11 May 2018, News Wires – The state of Western Australia has ordered an inquiry into a delay in burying carbon dioxide emissions at Chevron Corp’s Gorgon liquefied natural gas (LNG) project, which could lead to a change in conditions on the project.
The state approved the $54-billion Gorgon project in 2009 on the condition that at least 80 percent of carbon dioxide released in its gas processing operations over a five-year rolling average period would be buried.
“It has become apparent there needs to be a clearly defined start point for the commencement of the five-year rolling average,” Stephen Dawson, the state environment minister, told reporters in the Perth, the state capital, on Monday, according to an email sent to Reuters by his spokeswoman.

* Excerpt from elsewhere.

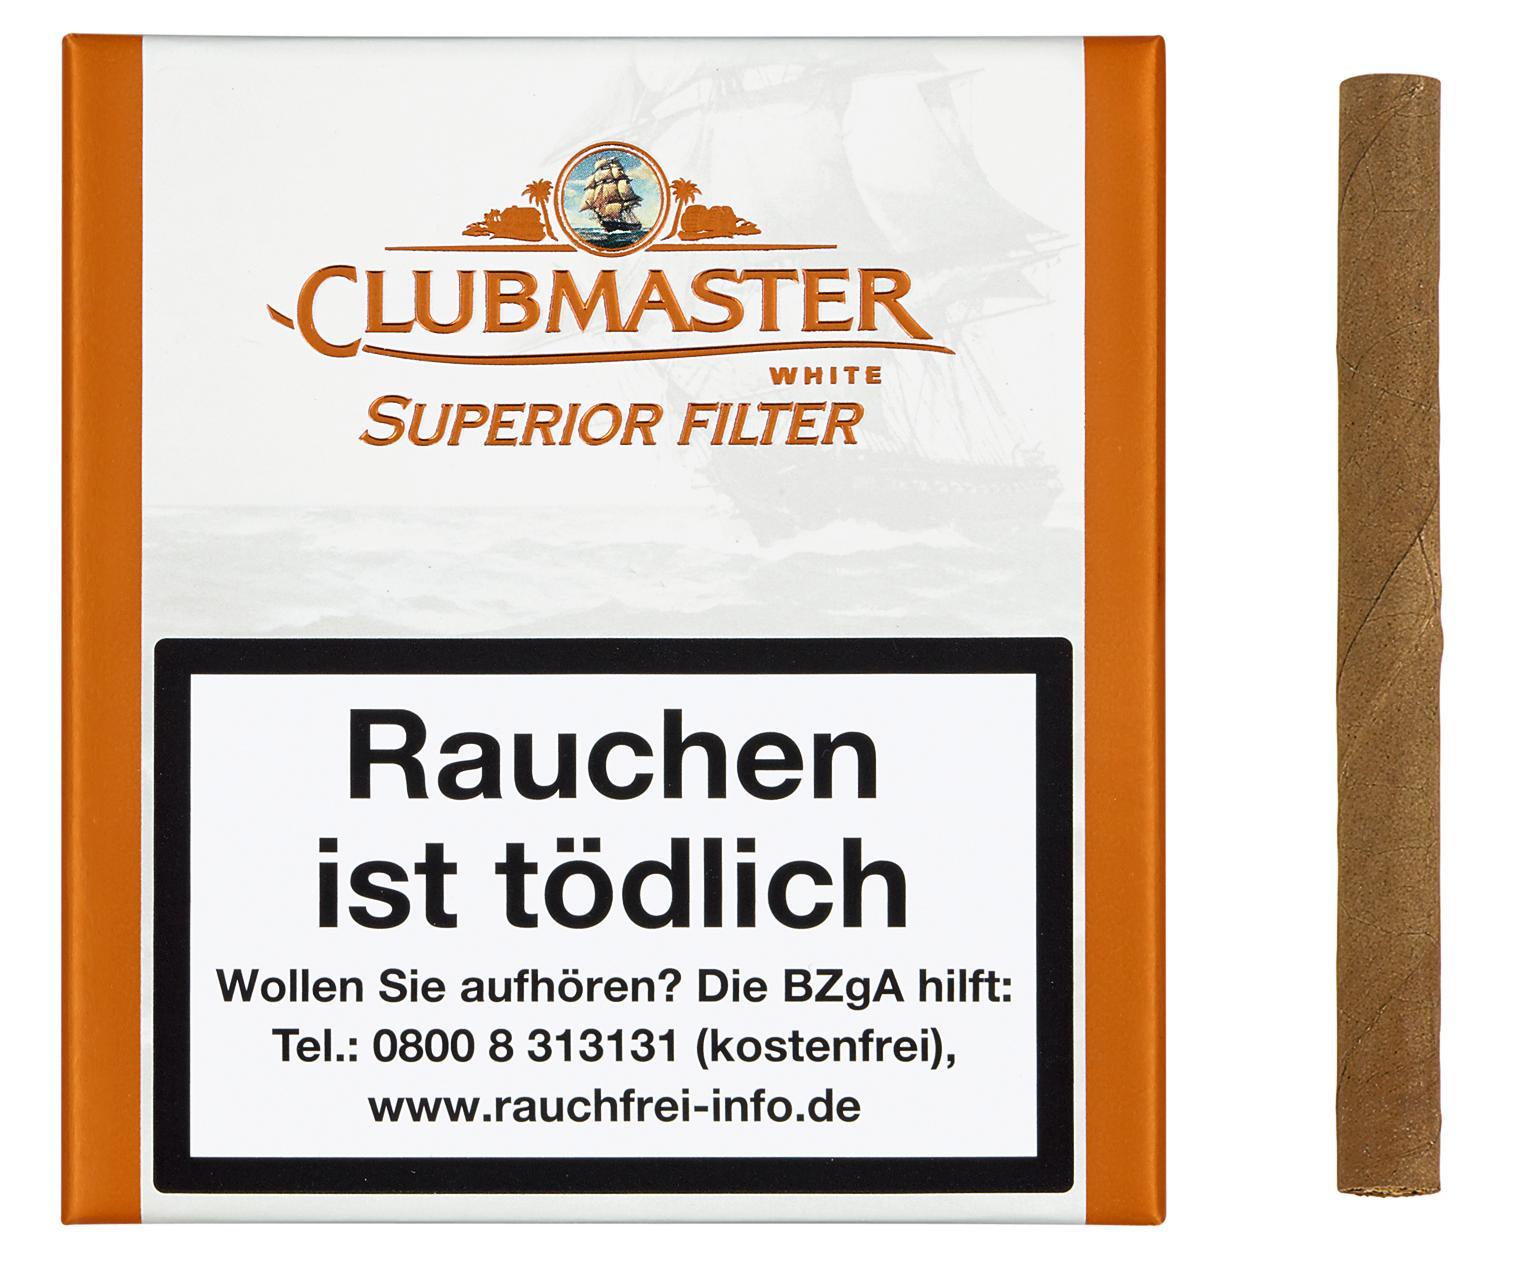 Clubmaster Superior Filter White Nr. 178 5 x 20 Zigarillos
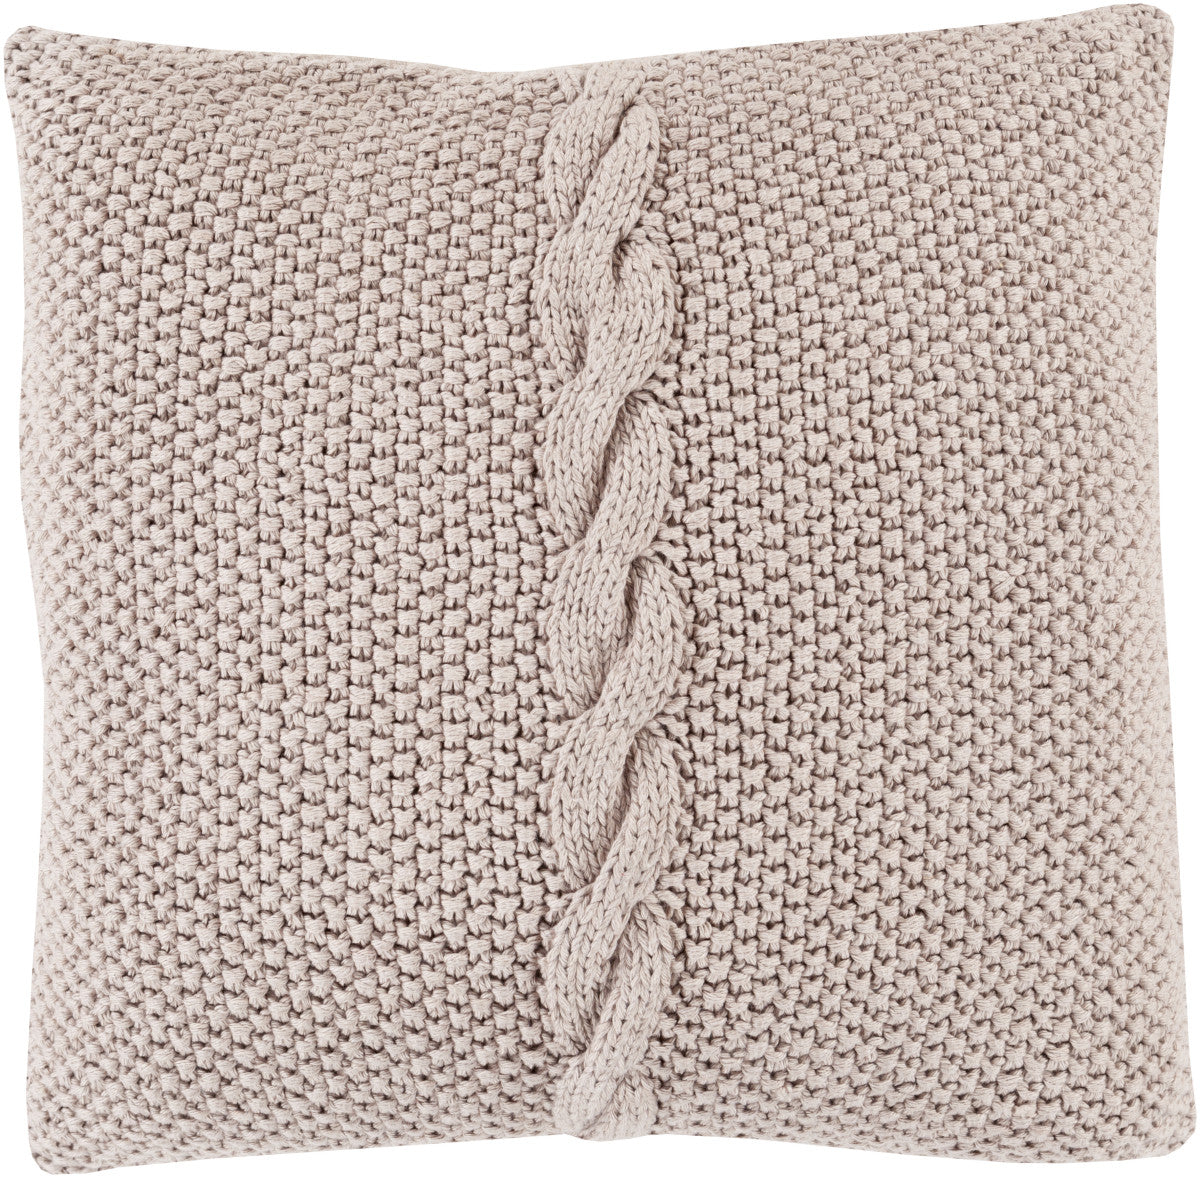 Surya Genevieve Classic Cable Knit GN-005 Pillow

He ordered the state’s Environmental Protection Authority to report back within the next nine months whether the conditions should be changed, along with any other recommendations.
Chevron said it welcomed the review “to clarify the existing condition” on the carbon capture project.
“Our focus is on the safe commissioning and start-up of the carbon dioxide injection project and achieving a high percentage of injection over the 40-year life of the Gorgon project,” a Chevron spokeswoman said in emailed comments.
Chevron told the government last December it would not be able to start capturing and burying carbon dioxide until the fourth quarter of 2018 at the earliest, after having found problems with valves and pipeline equipment during commissioning of its A$2.5 billion ($1.9 billion) injection system.
The Gorgon carbon dioxide injection system is the world’s largest capture and storage project.
Processing operations began in March 2016, when Gorgon started producing gas from the Jansz field.
However, Chevron only intended to start burying carbon dioxide after it started producing from the Gorgon field, which has a higher carbon dioxide content. Production started there in 2017.
Gorgon LNG is owned by Chevron, ExxonMobil Corp, Royal Dutch Shell, and Japan’s Osaka Gas, Tokyo Gas and JERA.